§ **Required work**: Find how many lines in the data below mention "handbag". Give the number only.

Collection entries

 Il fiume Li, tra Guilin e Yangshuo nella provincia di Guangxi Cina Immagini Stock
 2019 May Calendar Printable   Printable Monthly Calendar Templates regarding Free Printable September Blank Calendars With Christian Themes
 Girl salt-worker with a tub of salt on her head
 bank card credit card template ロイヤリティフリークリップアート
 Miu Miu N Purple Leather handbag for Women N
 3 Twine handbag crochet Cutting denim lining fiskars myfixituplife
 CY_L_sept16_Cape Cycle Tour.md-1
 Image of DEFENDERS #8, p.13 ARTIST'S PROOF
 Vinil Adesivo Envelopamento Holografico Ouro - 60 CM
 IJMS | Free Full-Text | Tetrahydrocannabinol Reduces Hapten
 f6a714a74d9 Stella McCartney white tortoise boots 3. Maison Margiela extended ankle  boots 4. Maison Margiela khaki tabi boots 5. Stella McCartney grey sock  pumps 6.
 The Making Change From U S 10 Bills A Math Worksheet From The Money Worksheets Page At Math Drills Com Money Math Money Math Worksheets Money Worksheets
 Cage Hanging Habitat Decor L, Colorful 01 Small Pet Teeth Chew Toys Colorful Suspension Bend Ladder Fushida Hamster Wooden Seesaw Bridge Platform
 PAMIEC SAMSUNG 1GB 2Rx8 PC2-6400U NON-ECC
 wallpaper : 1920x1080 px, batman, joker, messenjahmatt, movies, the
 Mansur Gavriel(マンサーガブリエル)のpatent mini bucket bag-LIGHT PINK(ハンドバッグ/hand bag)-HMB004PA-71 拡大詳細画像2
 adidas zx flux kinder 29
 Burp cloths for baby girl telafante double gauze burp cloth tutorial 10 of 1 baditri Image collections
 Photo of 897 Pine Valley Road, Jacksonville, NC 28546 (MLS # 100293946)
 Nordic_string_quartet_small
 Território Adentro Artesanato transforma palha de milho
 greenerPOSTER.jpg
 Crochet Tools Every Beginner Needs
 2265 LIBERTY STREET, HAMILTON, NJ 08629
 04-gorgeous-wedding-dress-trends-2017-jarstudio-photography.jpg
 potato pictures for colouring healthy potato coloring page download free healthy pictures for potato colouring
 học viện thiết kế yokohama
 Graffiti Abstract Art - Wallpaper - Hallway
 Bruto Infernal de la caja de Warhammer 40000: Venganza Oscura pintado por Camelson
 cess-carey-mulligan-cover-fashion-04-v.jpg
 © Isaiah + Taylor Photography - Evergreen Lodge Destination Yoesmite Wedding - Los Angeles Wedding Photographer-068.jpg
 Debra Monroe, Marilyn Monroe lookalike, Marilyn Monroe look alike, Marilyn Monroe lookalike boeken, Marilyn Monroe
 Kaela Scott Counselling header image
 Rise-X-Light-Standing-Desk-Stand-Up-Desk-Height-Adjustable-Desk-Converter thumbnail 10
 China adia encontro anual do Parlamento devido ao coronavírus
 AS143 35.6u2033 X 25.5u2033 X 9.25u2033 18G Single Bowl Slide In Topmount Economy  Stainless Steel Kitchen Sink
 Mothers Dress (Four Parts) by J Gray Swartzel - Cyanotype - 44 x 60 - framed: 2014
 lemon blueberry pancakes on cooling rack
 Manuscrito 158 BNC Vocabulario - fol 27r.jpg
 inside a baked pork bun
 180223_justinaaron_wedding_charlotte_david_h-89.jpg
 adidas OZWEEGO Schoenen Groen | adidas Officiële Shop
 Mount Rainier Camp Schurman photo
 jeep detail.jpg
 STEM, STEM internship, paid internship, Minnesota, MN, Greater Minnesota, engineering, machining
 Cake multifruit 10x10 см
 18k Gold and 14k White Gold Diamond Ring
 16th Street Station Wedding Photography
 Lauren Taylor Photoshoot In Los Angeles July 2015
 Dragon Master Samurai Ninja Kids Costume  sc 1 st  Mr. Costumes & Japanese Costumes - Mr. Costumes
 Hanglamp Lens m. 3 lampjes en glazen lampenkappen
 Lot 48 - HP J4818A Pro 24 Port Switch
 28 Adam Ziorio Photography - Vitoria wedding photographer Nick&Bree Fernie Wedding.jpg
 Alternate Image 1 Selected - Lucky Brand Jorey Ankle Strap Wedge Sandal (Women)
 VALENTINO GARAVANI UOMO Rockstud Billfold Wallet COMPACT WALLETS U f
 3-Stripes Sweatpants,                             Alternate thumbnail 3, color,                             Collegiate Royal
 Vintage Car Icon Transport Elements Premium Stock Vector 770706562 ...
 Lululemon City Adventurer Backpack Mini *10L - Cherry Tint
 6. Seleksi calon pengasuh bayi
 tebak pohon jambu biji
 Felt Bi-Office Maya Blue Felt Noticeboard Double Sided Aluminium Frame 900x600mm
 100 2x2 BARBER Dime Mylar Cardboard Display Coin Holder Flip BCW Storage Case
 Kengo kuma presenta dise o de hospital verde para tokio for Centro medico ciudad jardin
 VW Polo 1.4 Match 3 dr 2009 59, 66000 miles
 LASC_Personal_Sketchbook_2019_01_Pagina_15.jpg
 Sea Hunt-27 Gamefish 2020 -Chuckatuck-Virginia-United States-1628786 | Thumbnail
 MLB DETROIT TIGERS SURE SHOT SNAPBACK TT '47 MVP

§ **Task response**: 2